But Andrew Wibberley, director at Alea Risk, said the industry had to be careful about using this 'Vitality-style' tracking of consumers when it came to mental health.
He said: "The last thing you want is for someone to go through a bad phase and end up with an increased premium, but I suppose there could be a way around that.
"But realistically, if you’re adding value-added services to your current consumer policies and it’s not affecting the way you underwrite, then I would question how much value those services are actually adding."
Alan Lakey, director of Highclere Financial, agreed and said moving to a world where clinically trained people managed risk would be "sensible".
Peter Chadborn, director at Plan Money who was also at the conference, said: "I don’t think the adviser should be asking the questions.
"Our skill set is getting to know our client, being empathic and using objective settings and research to give recommendations — it should stop there.

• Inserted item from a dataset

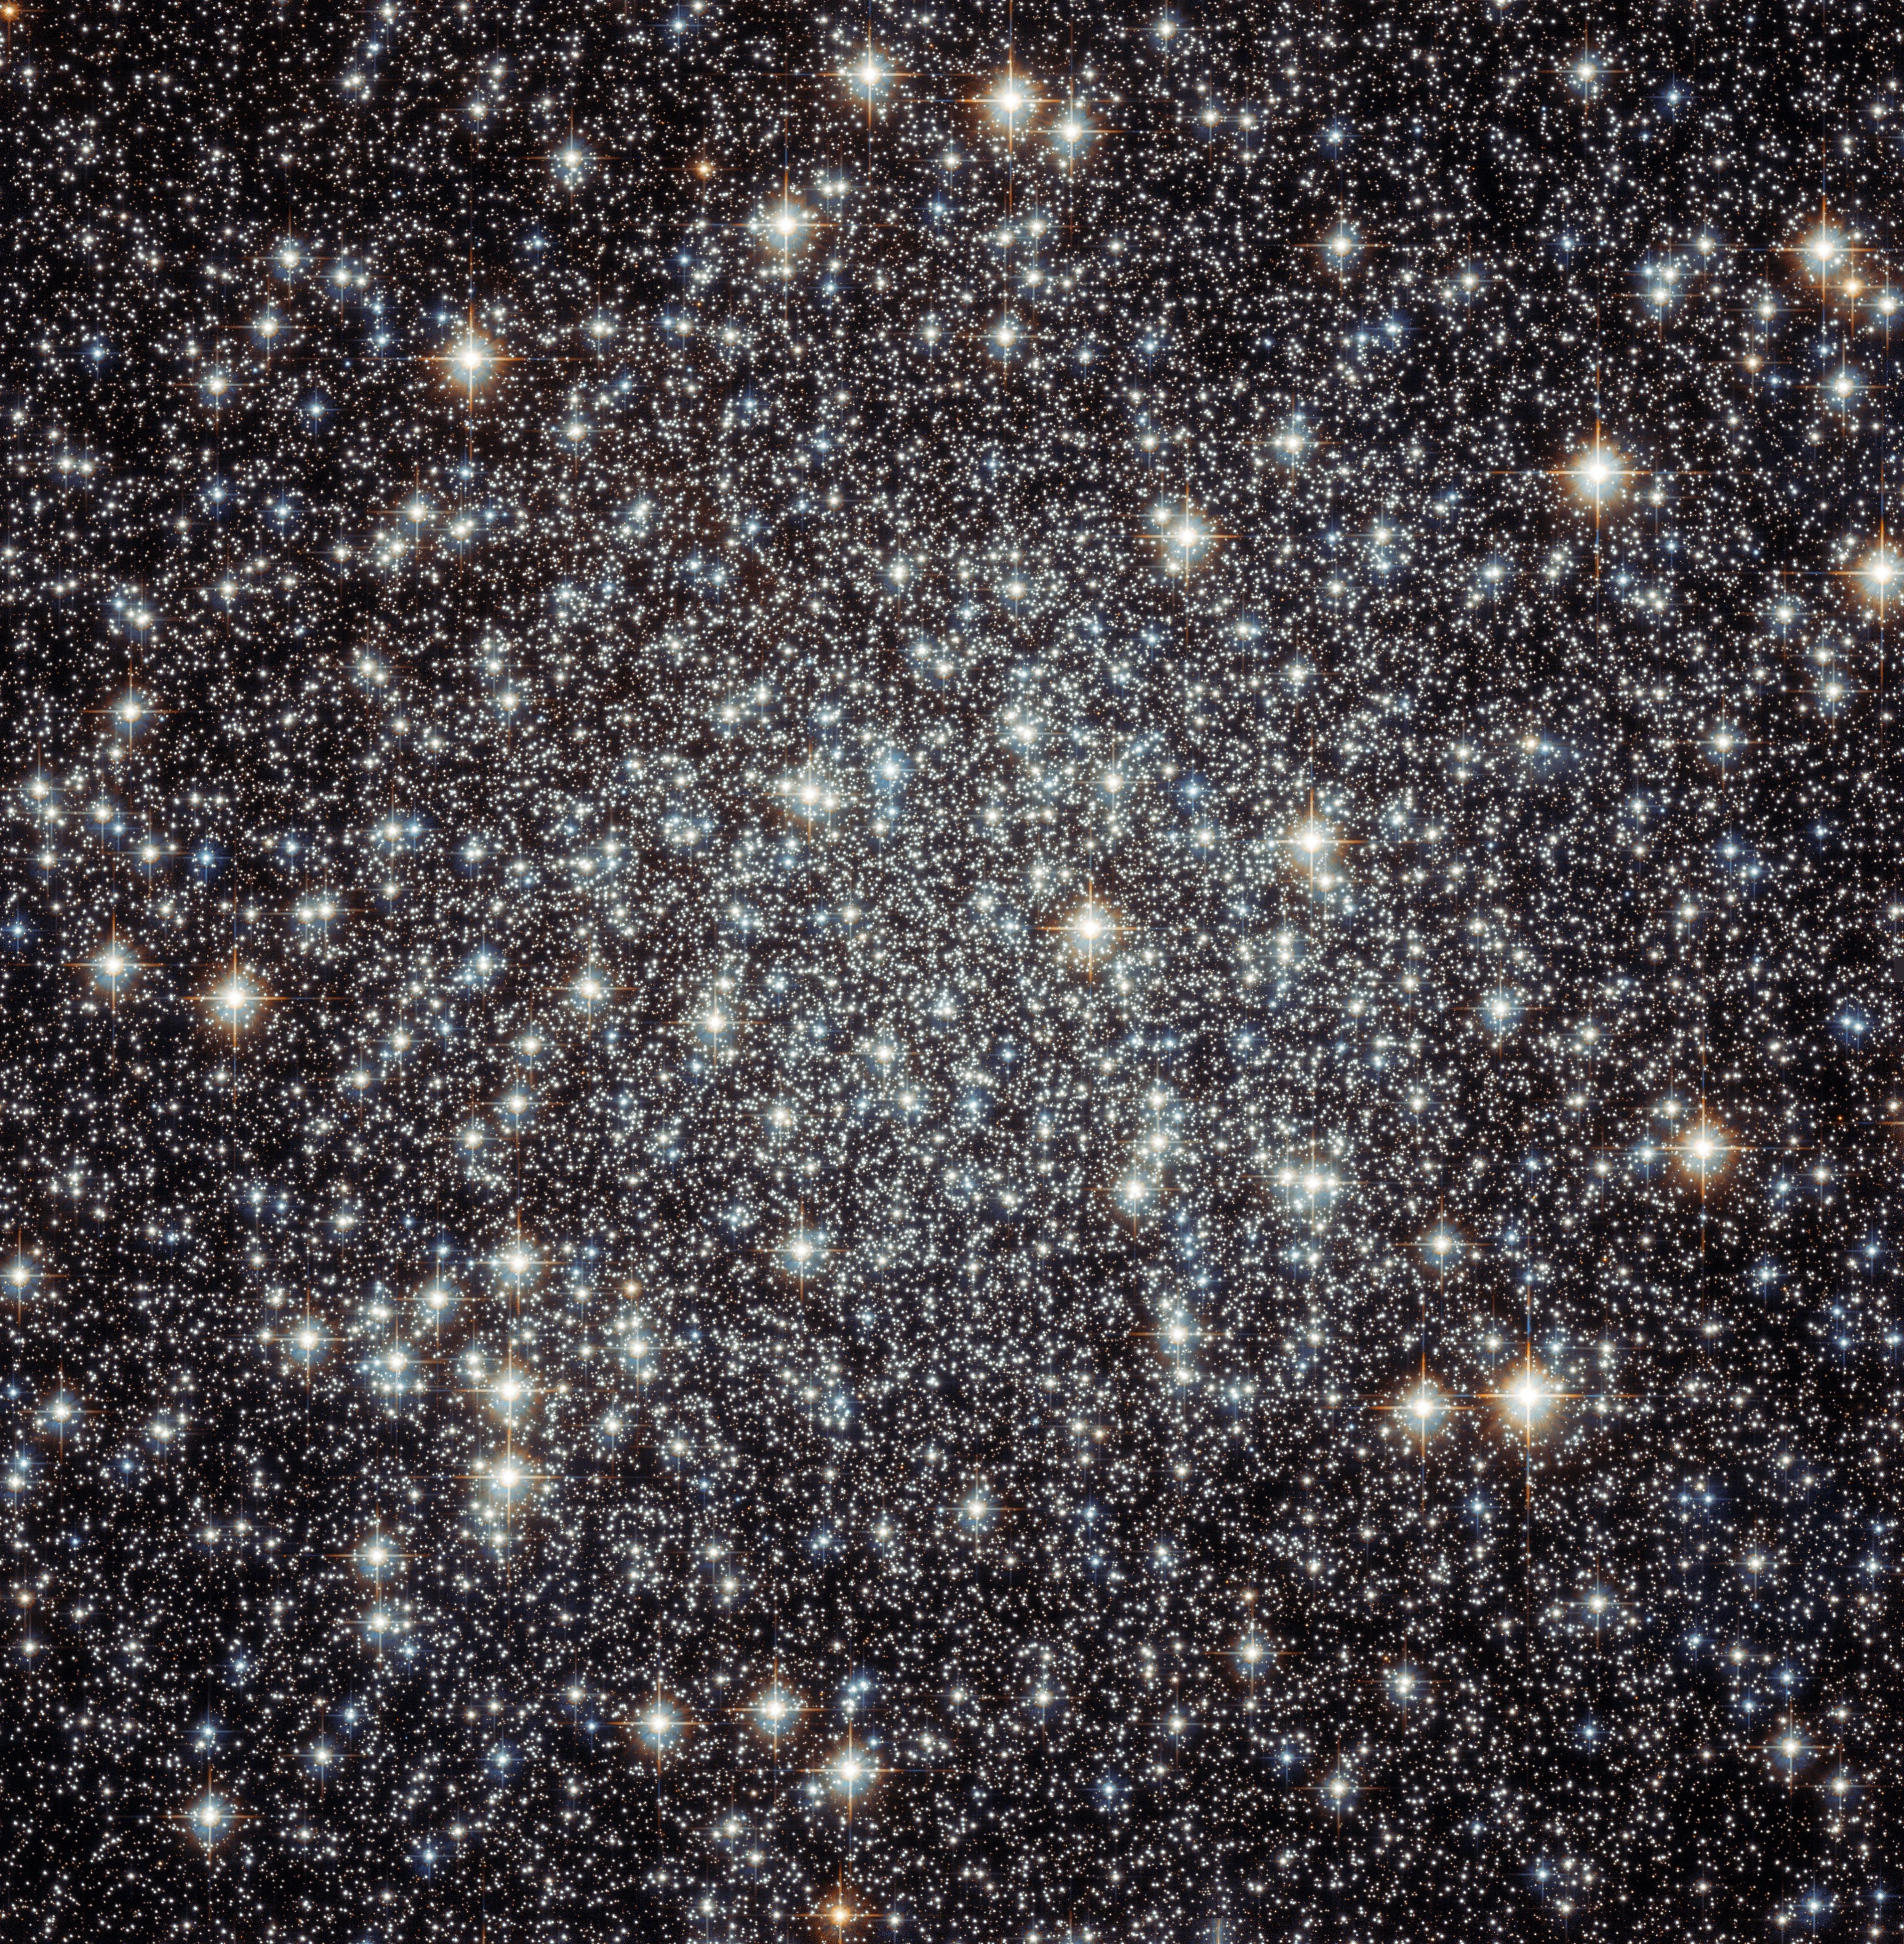 The center of globular cluster M22 with its thousands of stars.

"For example, I know very little about mental health and if someone started explaining their situation, I would not know what questions to ask or even understand the answer."
Mr Chadborn added that it would be nice to see a world where consumer interaction with value added services could help lower premiums but said it came with difficulties.
He said: "For instance, it’s not a renewable policy where prices vary year-on-year, it’s a ‘you take this for so many years for this amount of cover’ product. But it would be a good move and good step for the industry."